Alfred Hair: THE Highwayman
His paintings sold quickly and soon he was training a half dozen black youths from Fort Pierce to copy his technique. There was no “art movement.” Each artist selected his own topics and designs. Most painting was done in neighborhood backyards. And quantity was the key – sometimes the artists had all-night sessions to produce 20-24 paintings each to distribute the next day to shops and stores along US1
People who own early Highwaymen paintings (I own one), will notice how they saved money by purchasing cheap 4′ by 8′ sheets of Upson board and cutting them into four 2′ by 3′ common size. The frames of Highwaymen works were often made from crown molding purchased as scraps from construction sites. Regular art supplies were rarely used by many of the artists.

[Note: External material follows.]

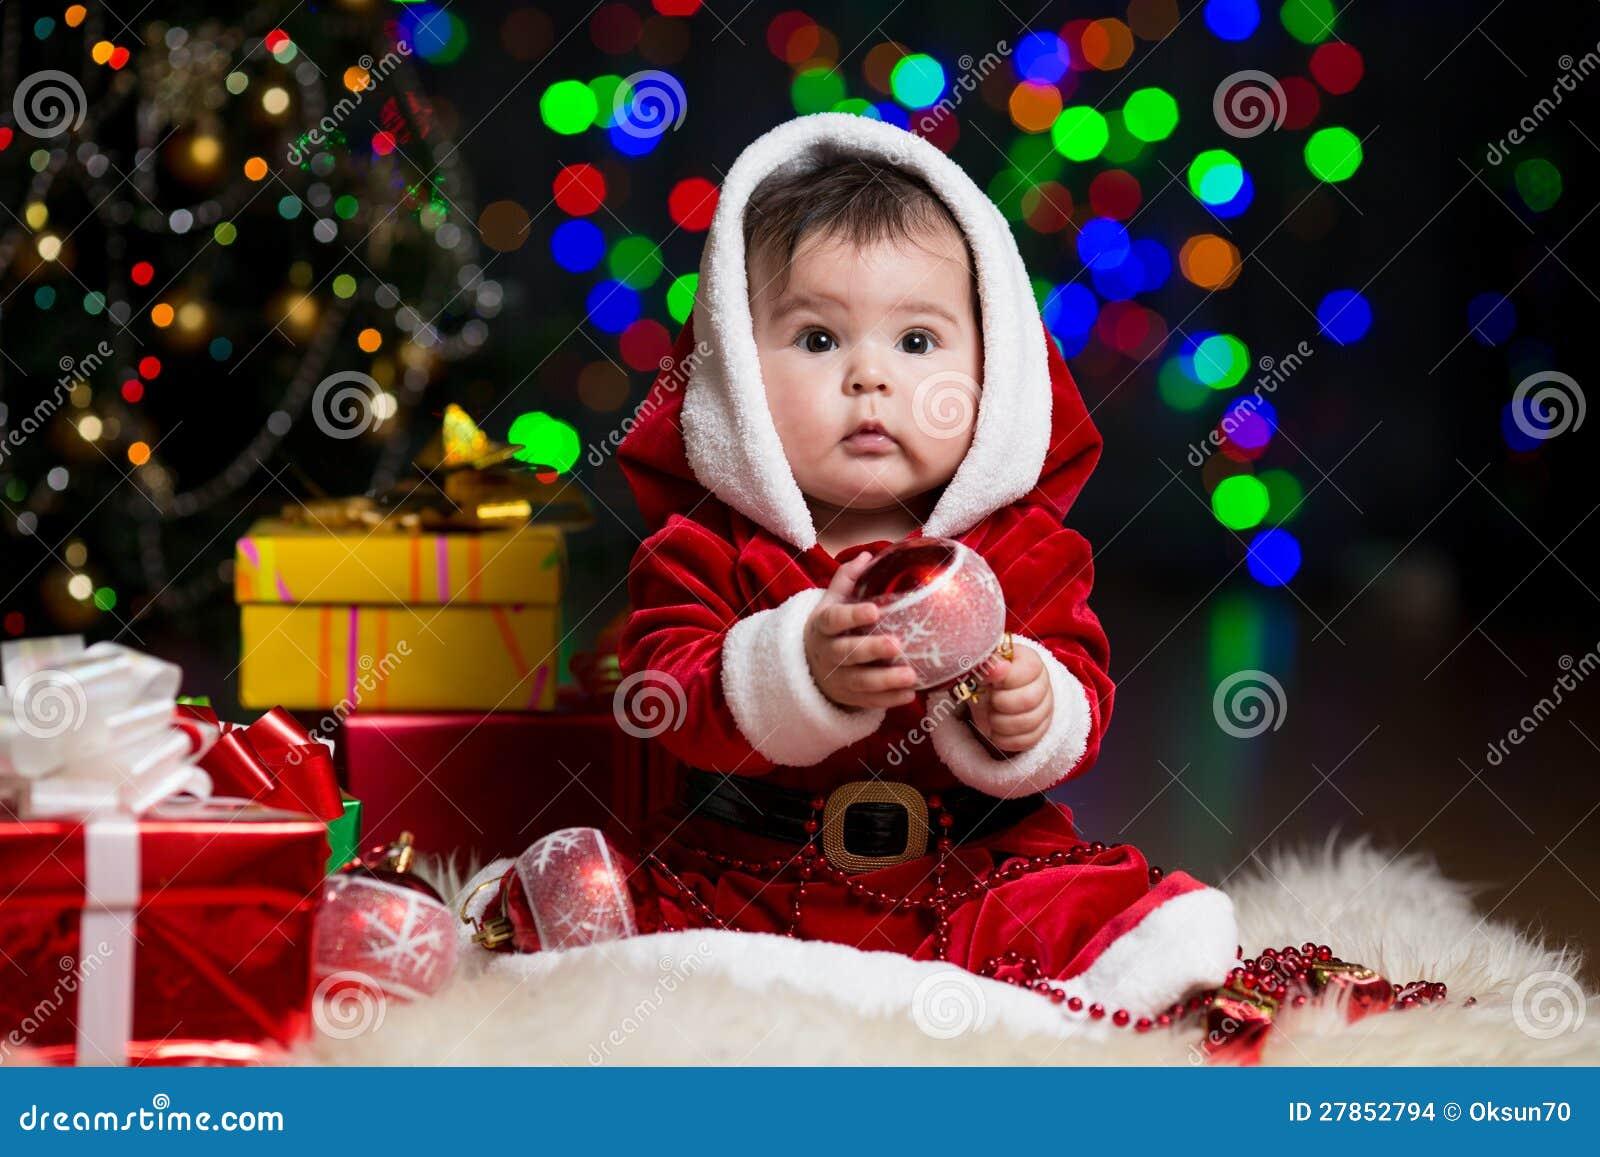 Bambino Il Babbo Natale Vicino All albero Di Natale Con I Regali ... 749808d5f99

Alfred Hair Painting on Upson Board
In 1970 Alfred Hair was murdered in a dispute over a woman, but the twenty-nine-year-old artist had developed a cottage industry that would not stop. By 1994, when promoter Jim Fitch gave them the moniker of The Highwaymen, there were 26 original artists whose works were on display along Florida’s East Coast.
The Highwaymen may have been a mercenary, individualistic group of artisans, but they motivated thousands of new Floridians to paint and draw Florida’s beauty in many mediums. It might be romantic to think these unspoiled landscapes were sold along the Florida roadside, but their impact of Florida art can not be denied.